The organisation will measure the readership, reach and frequency of exposure for each piece of direct mail delivered in the UK, whether addressed or unaddressed. The second phase of the research, beginning in the summer, will also include data on share of voice, split by brand and category, according to JICMail chair and DMA Group CEO Chris Combemale.
The JICMail methodology, similar to that of BARB’s data on TV audiences, involves a nationally representative research sample of 1,000 people run by Kantar TNS, who photograph what comes through their letterbox and record their subsequent actions over four weeks.
Any objective audience measurement is overdue if it doesn’t already exist. The only one outstanding after mail will be independent verification of online audiences.
Chris Combemale, DMA
The data is intended to give brands and media agencies more information to assist in media planning, rather than only being able to judge mail’s effectiveness using retrospective measures such as the return on investment of a campaign. It may go some way to reversing direct mail’s loss of ground to other marketing channels, which have offered standardised audience data for some time.

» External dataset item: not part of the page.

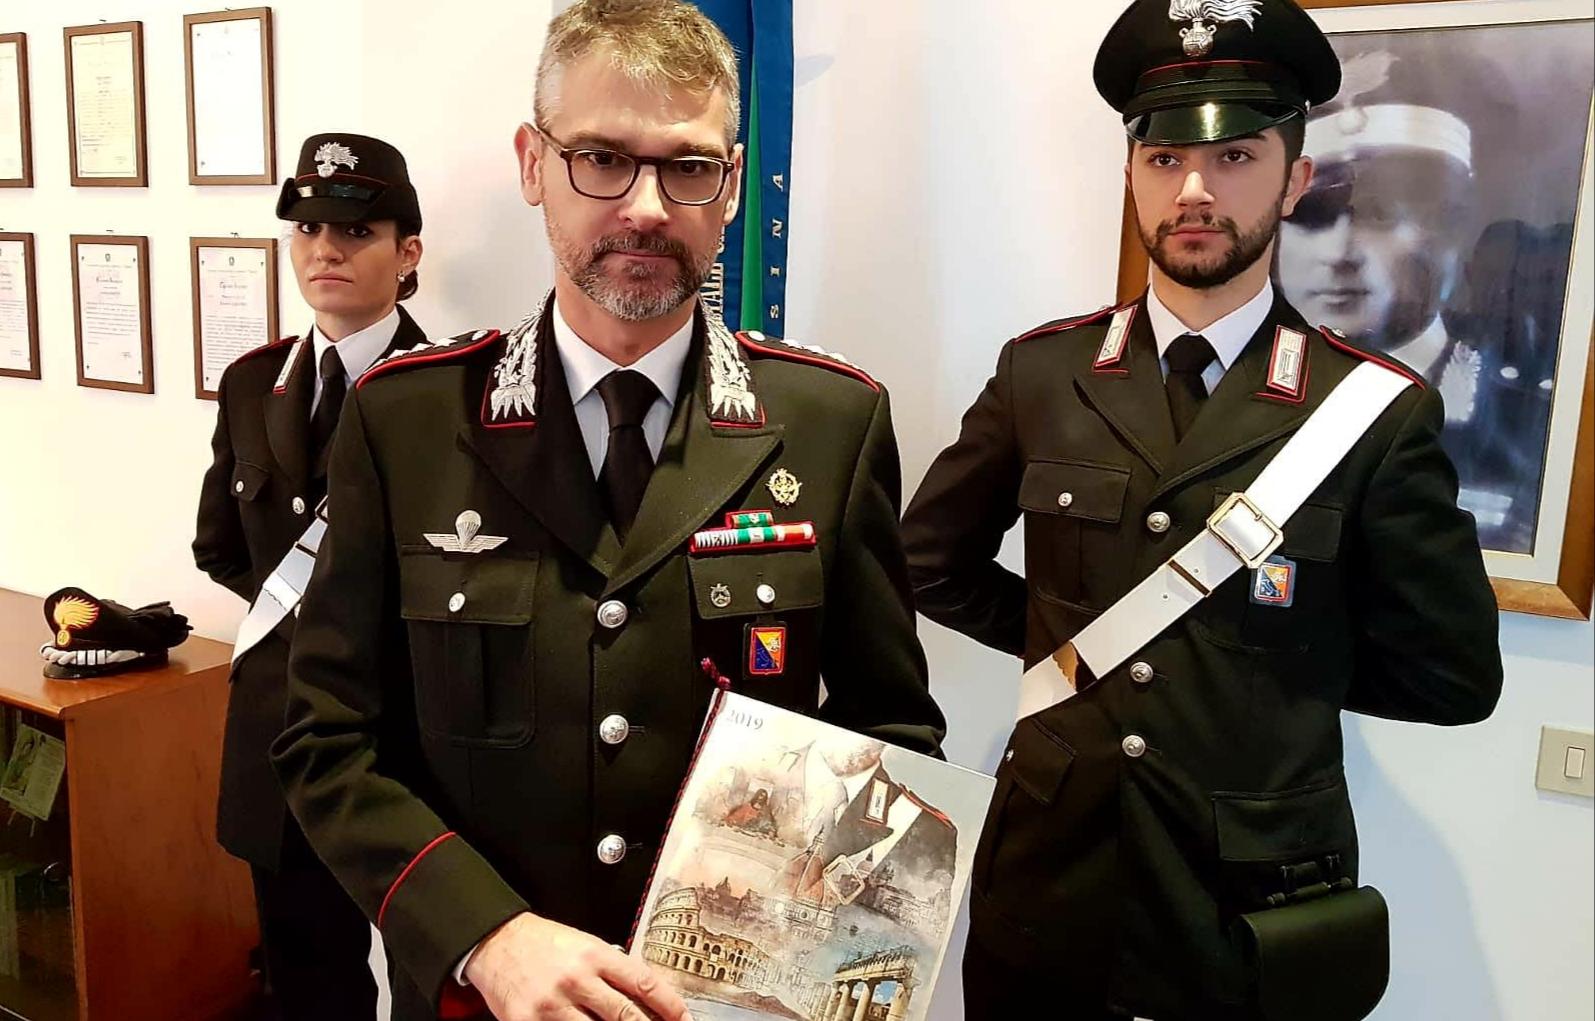 Calendario Storico Carabinieri 2019.Presentazione Del Calendario Storico 2019 Dell Arma Dei

Combemale believes the data could make a “huge difference” to the perception and evaluation of direct mail as a marketing channel.
The latest Bellwether data from the IPA and IHS Markit shows a net balance of 4.5% of marketers revising down budgets for direct marketing during the fourth quarter of 2017. However, a net 16.7% predict a budget increase in 2018.
“If you know that your particular audience in, say, a financial service or automotive category is reaching 1.2 people per household an average of 4.4 times – but historically you have evaluated one catalogue, mailing or brochure through the letterbox as one eyeball – then obviously your understanding of the value of the channel changes quite a bit,” Combemale tells Marketing Week. “There is no channel that is bought and sold on its circulation data; they’re bought and sold on their audience data.”
JICMail’s new data will be made available for free for the first six months, after which the body will introduce subscriptions for the quarterly reports. These have yet to be priced, but will be benchmarked against JIC data in other channels, according to Combemale. This means reports are likely to be “less expensive than BARB and more similar to outdoor, radio and so on”.
Every campaign will have a unique code, meaning it is technically possible to drill down to campaign-level data, although Combemale says the granularity of the data releases has not been determined yet.
But he adds: “All the methodologies have been put in place across the postal industry to track each mailing and what each household is getting, so then you’ll be able to know share of voice, which is available for all the other media channels as well, by brand and by category. So if you’re an automotive brand, you’ll be able to know what Volvo, Honda and everyone are doing and compare your share of voice to your share of market.”
JICMail has already been running its audience panel for six months, and accompanied its official launch with a report on the key insights from the research so far. Among them is the finding that 51% of all mail is read immediately with a further 19% followed up on later, while 21% of it prompts an action such as a purchase, website visit or store visit.
Combemale admits the launch of JICMail is overdue, but says historically it has been difficult to design a research methodology that meets the standard expected.
“Any objective audience measurement is overdue if it doesn’t already exist. The only one outstanding after mail will be independent verification of online audiences.”